● WHAT YOU HAVE TO DO
Copy exactly the lines of the material below that run from the one containing "Açık Yeşil Yazlık Chino Pantolon" through the one containing "Epson WF-3640-3641-3642 Fehlercode 0x02". Copy no other lines.

● INPUT RECORDS

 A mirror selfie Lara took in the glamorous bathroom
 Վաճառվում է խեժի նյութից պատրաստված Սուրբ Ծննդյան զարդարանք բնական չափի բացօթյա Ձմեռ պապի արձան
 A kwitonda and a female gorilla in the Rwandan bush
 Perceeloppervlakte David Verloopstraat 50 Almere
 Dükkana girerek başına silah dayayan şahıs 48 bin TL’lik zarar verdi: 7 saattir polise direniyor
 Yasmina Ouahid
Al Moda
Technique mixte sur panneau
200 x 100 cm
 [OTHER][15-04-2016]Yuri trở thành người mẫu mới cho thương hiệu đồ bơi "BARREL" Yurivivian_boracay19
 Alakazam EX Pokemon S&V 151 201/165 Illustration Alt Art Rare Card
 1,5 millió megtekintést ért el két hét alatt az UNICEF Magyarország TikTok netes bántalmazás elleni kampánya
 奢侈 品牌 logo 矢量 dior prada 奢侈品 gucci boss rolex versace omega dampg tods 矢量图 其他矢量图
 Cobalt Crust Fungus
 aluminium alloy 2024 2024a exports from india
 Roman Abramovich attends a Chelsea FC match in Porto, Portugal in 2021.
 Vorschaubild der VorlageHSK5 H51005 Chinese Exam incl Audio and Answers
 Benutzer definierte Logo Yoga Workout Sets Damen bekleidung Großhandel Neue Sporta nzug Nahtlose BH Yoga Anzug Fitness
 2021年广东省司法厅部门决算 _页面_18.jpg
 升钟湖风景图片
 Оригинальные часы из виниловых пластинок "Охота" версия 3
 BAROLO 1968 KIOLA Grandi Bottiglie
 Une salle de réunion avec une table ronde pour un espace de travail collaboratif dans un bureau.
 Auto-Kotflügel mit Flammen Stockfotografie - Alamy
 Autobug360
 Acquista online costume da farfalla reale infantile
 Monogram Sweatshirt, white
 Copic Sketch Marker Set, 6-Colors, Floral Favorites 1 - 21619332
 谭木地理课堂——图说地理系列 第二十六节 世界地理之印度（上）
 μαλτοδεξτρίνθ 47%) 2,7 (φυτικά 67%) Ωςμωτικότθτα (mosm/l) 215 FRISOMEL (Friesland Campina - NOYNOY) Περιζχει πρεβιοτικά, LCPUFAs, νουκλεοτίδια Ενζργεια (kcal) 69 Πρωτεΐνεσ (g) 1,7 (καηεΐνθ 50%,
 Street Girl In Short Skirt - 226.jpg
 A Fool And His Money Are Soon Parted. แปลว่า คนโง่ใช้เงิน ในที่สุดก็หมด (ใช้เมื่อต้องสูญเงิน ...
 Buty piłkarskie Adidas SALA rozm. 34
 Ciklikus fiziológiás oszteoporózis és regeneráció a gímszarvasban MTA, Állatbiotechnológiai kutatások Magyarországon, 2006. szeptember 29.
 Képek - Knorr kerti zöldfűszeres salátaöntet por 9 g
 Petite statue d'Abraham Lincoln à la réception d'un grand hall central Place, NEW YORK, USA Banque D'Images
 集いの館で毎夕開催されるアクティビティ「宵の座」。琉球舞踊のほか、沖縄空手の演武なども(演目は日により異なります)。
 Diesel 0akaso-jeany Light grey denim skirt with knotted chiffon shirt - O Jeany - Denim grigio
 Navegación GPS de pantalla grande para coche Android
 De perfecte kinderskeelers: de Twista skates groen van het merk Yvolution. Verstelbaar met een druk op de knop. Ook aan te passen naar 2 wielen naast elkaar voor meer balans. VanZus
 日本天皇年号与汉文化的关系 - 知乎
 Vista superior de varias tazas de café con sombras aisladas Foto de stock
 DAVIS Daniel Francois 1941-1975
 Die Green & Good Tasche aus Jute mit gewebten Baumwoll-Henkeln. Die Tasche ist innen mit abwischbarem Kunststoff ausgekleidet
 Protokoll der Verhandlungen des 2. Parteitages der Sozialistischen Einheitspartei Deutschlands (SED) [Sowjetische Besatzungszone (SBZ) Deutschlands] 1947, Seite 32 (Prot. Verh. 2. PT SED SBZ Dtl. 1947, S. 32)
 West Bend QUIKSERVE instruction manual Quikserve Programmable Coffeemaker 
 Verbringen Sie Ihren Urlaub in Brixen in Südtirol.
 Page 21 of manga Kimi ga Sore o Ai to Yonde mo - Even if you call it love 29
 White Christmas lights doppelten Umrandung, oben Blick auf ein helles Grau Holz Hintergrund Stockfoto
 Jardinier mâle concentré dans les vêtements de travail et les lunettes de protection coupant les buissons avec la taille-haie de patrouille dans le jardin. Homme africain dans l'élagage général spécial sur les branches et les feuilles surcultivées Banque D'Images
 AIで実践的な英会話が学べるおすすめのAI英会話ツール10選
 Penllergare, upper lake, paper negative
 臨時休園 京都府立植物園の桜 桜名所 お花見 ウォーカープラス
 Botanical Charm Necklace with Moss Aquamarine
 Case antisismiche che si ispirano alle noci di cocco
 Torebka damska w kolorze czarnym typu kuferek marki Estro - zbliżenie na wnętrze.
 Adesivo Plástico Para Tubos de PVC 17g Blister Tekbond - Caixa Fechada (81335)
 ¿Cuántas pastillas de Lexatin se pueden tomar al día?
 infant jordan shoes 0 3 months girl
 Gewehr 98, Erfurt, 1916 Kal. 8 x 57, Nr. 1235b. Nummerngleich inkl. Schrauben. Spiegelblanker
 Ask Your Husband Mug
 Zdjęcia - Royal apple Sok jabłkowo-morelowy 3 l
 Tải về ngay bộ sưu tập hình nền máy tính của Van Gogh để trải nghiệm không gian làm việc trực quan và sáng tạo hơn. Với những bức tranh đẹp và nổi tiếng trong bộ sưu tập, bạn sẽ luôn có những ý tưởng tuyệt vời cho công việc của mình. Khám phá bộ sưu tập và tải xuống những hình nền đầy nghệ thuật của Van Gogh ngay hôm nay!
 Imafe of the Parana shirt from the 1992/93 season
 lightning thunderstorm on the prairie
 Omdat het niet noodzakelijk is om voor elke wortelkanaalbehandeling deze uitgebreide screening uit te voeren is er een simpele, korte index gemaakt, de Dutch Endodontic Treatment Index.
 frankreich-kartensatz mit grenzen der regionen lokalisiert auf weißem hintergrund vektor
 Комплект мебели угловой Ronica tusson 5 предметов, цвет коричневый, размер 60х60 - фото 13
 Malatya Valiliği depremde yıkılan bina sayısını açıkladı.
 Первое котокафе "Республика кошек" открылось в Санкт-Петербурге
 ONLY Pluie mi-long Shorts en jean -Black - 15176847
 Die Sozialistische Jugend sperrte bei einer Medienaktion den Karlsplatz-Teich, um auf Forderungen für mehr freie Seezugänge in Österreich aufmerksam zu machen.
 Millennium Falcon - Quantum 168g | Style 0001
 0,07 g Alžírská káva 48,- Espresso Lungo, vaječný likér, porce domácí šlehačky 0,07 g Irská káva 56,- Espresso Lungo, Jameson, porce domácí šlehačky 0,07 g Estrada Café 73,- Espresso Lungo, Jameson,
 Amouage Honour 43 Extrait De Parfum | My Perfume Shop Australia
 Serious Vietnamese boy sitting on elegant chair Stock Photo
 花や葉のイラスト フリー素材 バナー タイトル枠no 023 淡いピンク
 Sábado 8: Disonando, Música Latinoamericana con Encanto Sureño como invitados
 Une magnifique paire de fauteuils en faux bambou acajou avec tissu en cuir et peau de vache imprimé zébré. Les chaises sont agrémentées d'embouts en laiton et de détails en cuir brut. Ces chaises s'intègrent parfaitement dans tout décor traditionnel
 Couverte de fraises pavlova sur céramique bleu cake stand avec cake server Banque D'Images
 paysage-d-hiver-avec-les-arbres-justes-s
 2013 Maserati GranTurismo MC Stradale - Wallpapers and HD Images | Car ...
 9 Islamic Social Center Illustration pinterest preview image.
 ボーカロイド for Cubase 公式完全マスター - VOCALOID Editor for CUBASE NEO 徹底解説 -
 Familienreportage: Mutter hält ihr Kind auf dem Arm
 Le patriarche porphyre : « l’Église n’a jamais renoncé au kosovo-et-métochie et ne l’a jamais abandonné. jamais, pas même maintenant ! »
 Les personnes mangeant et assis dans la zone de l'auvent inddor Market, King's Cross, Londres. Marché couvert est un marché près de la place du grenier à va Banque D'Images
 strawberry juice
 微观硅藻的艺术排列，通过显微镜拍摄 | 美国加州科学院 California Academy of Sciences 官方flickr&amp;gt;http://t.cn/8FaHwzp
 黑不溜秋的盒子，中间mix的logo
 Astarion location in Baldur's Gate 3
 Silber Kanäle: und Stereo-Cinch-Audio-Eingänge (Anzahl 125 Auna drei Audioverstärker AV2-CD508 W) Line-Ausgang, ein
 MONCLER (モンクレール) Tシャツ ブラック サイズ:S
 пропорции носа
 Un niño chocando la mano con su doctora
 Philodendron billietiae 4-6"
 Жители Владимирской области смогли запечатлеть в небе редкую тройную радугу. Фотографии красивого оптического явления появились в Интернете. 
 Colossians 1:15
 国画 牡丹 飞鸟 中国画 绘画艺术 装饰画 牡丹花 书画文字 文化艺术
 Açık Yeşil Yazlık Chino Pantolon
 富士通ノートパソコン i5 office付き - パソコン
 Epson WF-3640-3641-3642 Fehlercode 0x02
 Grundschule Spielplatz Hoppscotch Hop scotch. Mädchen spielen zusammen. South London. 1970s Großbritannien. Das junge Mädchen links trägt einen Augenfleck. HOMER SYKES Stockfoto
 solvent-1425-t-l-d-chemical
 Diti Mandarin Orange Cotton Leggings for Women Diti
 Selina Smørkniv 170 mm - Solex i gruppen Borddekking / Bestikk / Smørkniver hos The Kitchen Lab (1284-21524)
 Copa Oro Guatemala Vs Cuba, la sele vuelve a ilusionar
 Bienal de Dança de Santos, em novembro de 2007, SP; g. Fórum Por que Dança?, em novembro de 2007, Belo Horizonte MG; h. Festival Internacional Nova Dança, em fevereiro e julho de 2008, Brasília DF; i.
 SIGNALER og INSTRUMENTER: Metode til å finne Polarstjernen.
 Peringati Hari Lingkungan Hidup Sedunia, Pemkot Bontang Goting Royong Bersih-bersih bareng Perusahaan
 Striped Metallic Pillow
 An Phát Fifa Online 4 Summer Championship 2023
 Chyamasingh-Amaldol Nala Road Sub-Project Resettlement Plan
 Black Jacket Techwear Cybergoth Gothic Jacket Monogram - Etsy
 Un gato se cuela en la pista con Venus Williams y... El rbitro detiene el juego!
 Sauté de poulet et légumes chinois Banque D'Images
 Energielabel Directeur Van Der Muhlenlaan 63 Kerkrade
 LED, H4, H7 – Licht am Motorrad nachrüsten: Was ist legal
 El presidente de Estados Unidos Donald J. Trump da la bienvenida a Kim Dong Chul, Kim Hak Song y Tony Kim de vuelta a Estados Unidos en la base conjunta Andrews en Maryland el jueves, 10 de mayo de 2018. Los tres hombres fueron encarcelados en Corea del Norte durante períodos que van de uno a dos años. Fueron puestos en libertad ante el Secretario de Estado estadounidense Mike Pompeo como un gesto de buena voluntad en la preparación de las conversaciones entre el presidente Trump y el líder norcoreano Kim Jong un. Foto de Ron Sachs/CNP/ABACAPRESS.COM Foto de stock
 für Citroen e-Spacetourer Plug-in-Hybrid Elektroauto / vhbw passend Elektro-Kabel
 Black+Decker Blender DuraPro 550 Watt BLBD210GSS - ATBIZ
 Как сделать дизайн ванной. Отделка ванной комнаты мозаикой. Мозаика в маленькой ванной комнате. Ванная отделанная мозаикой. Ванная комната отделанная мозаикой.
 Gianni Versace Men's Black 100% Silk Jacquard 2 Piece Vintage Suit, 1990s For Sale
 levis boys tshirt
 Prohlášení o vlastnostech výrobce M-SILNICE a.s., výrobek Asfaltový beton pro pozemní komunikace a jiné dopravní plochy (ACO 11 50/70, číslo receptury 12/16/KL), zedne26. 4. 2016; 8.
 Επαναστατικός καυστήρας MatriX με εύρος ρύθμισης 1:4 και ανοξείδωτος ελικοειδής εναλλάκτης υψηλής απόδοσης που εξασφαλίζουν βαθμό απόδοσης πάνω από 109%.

● RESULT BELOW
 Açık Yeşil Yazlık Chino Pantolon
 富士通ノートパソコン i5 office付き - パソコン
 Epson WF-3640-3641-3642 Fehlercode 0x02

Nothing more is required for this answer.